A thinking band from the 1980s, Chalk Circle was that rare group of musicians who combined socially conscious lyrics and chiming guitars in an age dominated by big hair and synthesizers. Listening to the band’s music again, what stands out is how fresh and forceful it still sounds. The songs have aged remarkably well.
Part of the reason lies in Chalk Circle’s sources of inspiration: literature and the environment. The group took its name from a play by Bertolt Brecht, about fighting for your convictions in the face of pressure. And the band members, who grew up in Newcastle, Ontario, near the controversial Darlington Station, never shied away from writing about the dangers of nuclear power. As singer-guitarist Chris Tait, who wrote most of the groups lyrics, put it: “We feel most comfortable writing about subjects that are around us.”
Originally formed as a trio in 1983 by Tait, bassist Brad Hopkins and drummer Derrick Murphy, Chalk Circle rounded out its sound with the addition of keyboardist Tad Winklarz, a classically trained pianist who fled his native Poland shortly before the imposition of martial law. The song “Buildings” arose from one of the first
rehearsals with the newly formed quartet. Although it was a well received live song and a band favorite, “Buildings” never made it onto any of the band’s albums—until now. After winning an award from influential Toronto radio station CFNY for most promising non-recording artists in 1985, the band landed a contract with Duke Street Records. The Great Lake, a six-song EP released the following year, was a runaway success. Along with the stirring title track, it produced two Top 10 singles: the harmony-filled “April Fool” and the buoyant “Me Myself and I.”
For its first full-length album, Mending Wall, Chalk Circle once again turned to literature, borrowing its title from the Robert Frost poem of the same name that contains the famous line “good fences make good neighbours.” Released in 1987, Mending Wall featured two environmental songs. “This Mourning,” a soaring Top 10 hit, dealt with the fear of a nuclear apocalypse that leaves its victims shivering and sleepless in the dark. The melancholic “N.I.M.B.Y.,” an acronym for “Not in my backyard,” was based on a slogan used by protesters at the Love Canal in Niagara Falls, New York.

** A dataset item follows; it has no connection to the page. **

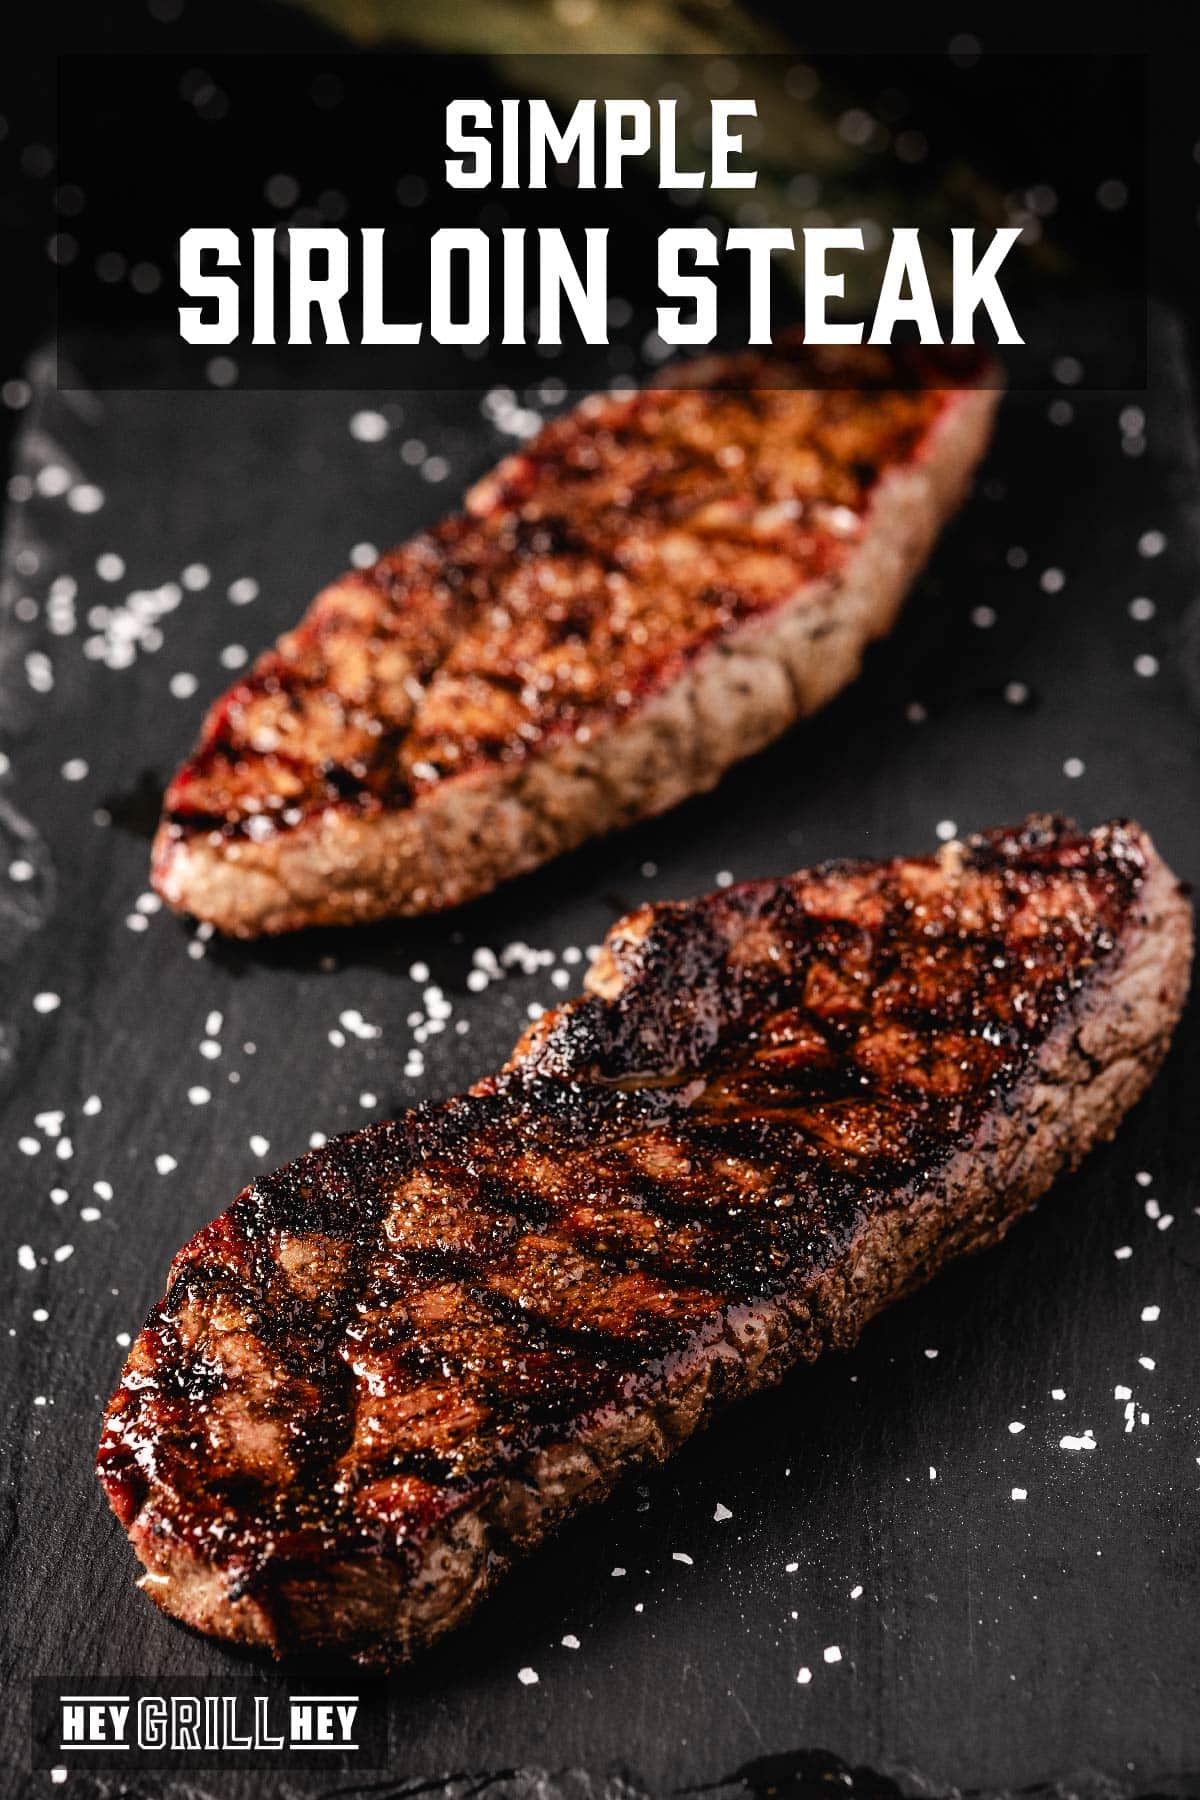 Sirloin steaks on black serving platter sprinkled with salt. Text reads "Simple Sirloin Steak".

Though serious and thoughtful, Chalk Circle also had a humorous side. A reissued Mending Wall featured a hilarious cover of T-Rex’s hard-rock classic “20th Century Boy,” included here in this collection. Chalk Circle’s version, yet another Top 10 hit for the band, captures all the swagger and sexual posturing of Marc Bolan’s original—right down to breaking glass and Tait’s infectious whoops and handclaps.
Chalk Circle’s final album, 1989’s As The Crow Flies, gave us songs like “Sons and Daughters,” with its gospel-like chorus, and a keen rhythmic sensibility rarely heard in commercial pop as well as “Together,” the band’s final single. The album allowed the group to venture into more ambitious territory, with the help of many guest artists as well as label mates Jane Siberry, Hugh Marsh and Moe Koffman, and added to an already impressive legacy of intelligent, grown-up pop music.